Our Lord's parables of the Kingdom of Heaven, in Matt. 13, show the same downward tendency in relation to what is committed by God to man in responsibility. All is corrupted and debased.
The first thing we find in these parables is the masterstroke of Satan in introducing mere empty profession and worse among the ranks of the true believers. We find the enemy sowing tares among the wheat; in other words, "the children of the wicked one" are seen alongside "the children of the kingdom" (Matt. 13:38).
This prepared the way for further declension as seen in the parable of the mustard seed. "The least of all seeds" becomes "the greatest among herbs," "a tree," an abortion, a monstrosity, "the birds of the air," symbolizing evil, lodging in the branches thereof (Matt. 13:32).
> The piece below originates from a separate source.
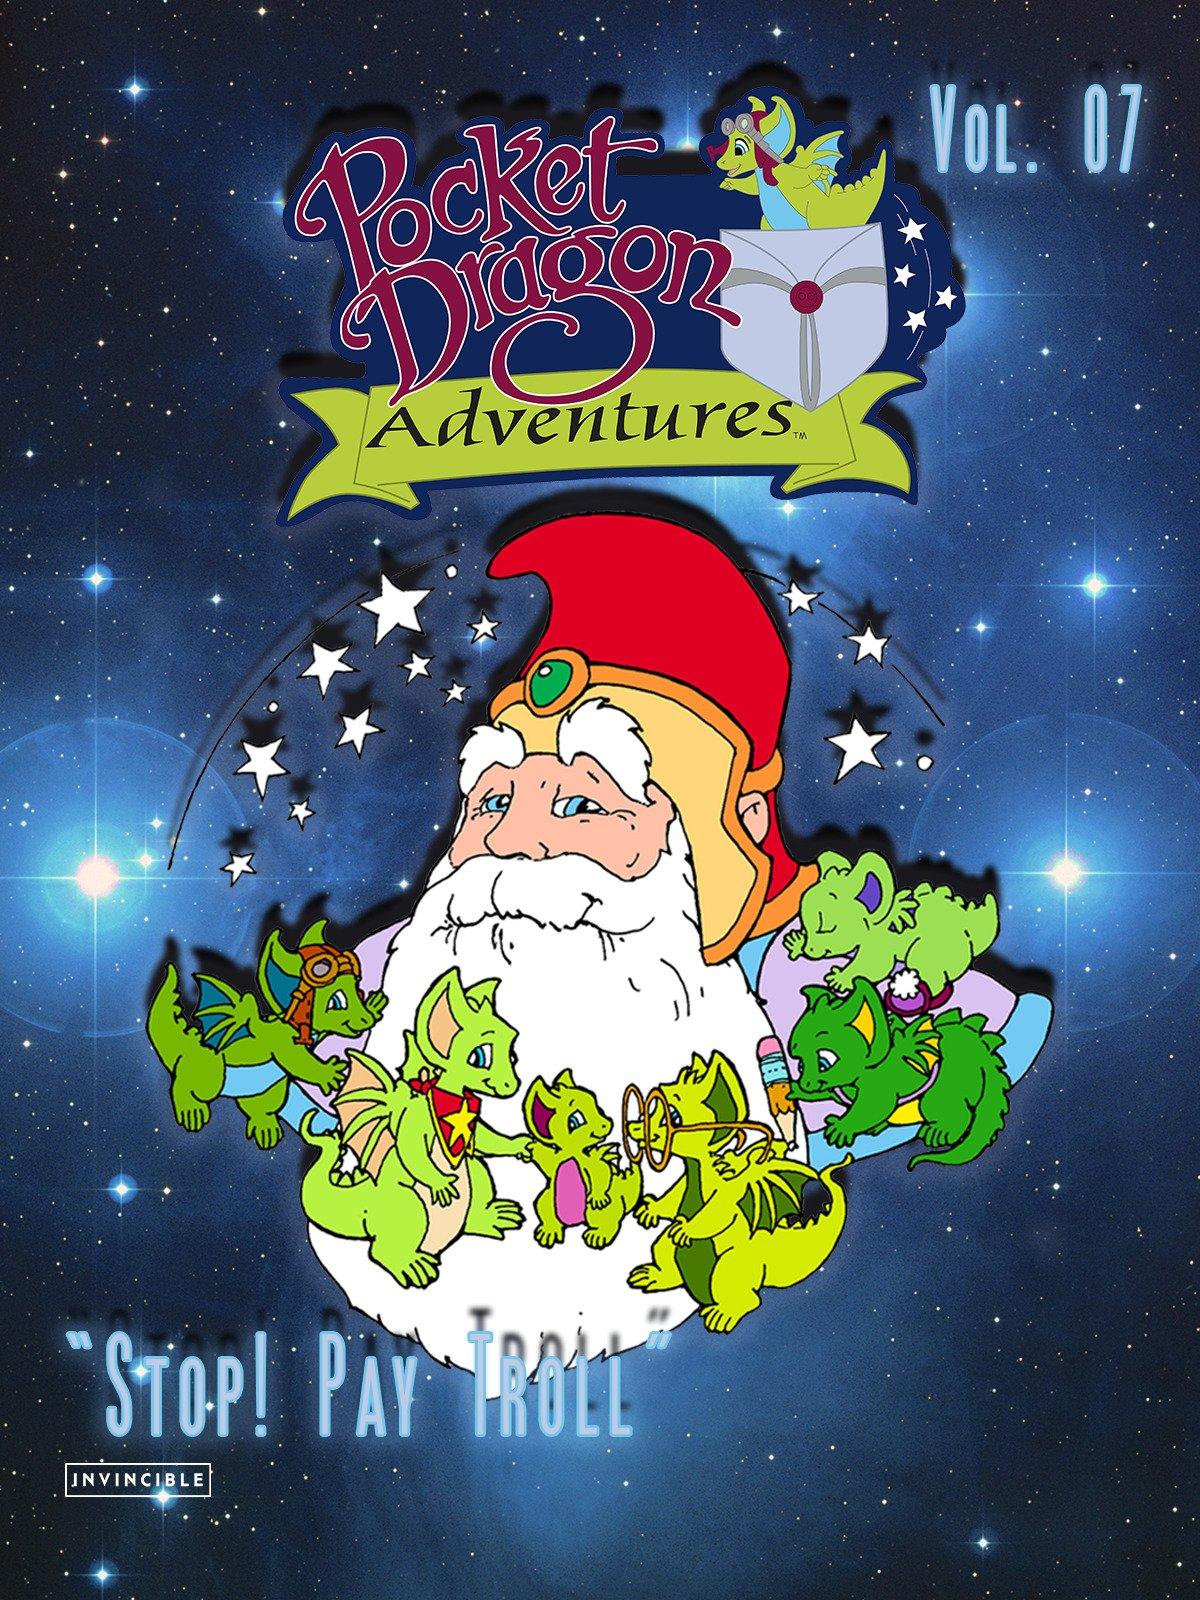 Pocket Dragon Adventures Vol. 07Stop! Pay Troll!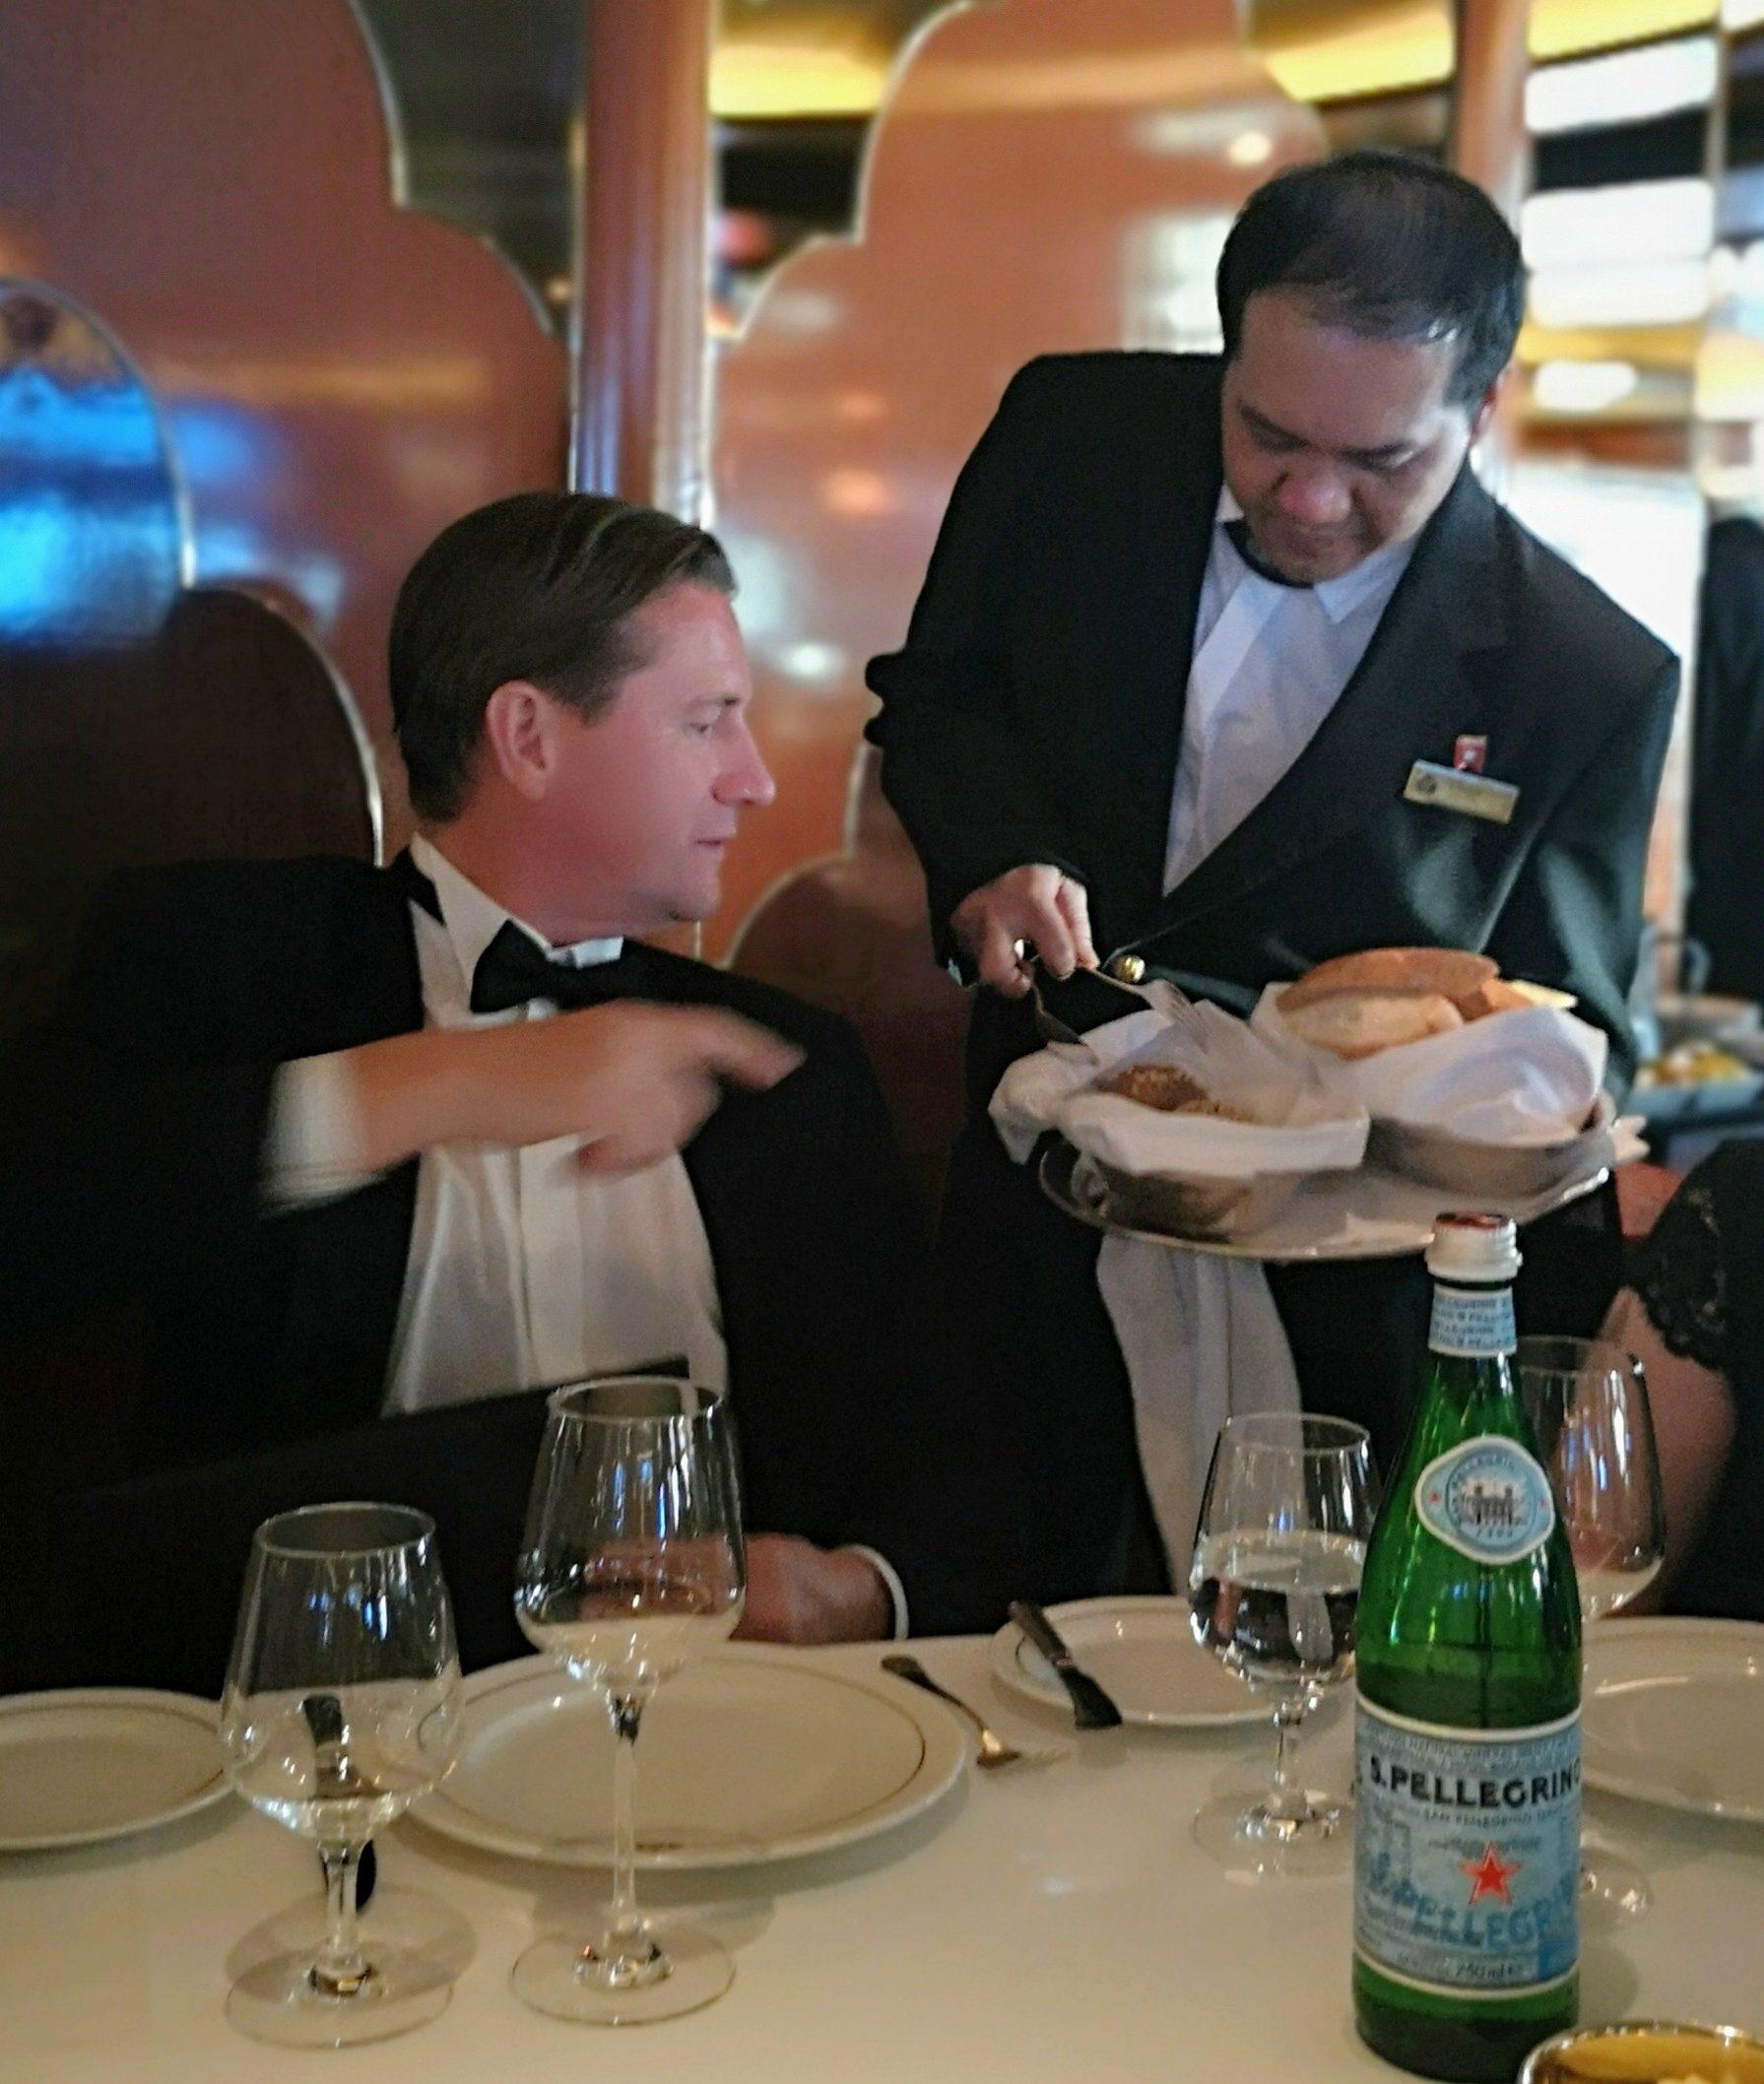 Luxuskreuzfahrt Experte Michael Seibert beim Gala Abend an Bord der Queen Victoria

This sets forth the aim of mere religionists desiring to be great in the earth where their professed Lord was rejected and cast out, the opposite of the kingdom of heaven, where "the meek shall inherit the earth." This pretension to earthly splendor and ecclesiastical and political power is seen in its fullest development in the Romish Church with its popes, cardinals, bishops, abbots, monks, prioresses, nuns, stretching its tentacles over the countries of the world, seeking to be higher than the kings of the earth.
Lastly we have the parable of the woman hiding leaven in three measures of meal till the whole was leavened. This sets forth the gradual introduction of evil doctrine undermining the teaching of the pure Word of God (Matt. 13:33). Leaven in Scripture is always symbolic of evil, and here is no exception to the rule.
The sowing of the tares is bad.
The pretentiousness of the tree springing from "the least of all seeds" is bad.
The introduction of leaven in the three measures of meal symbolizes what is bad.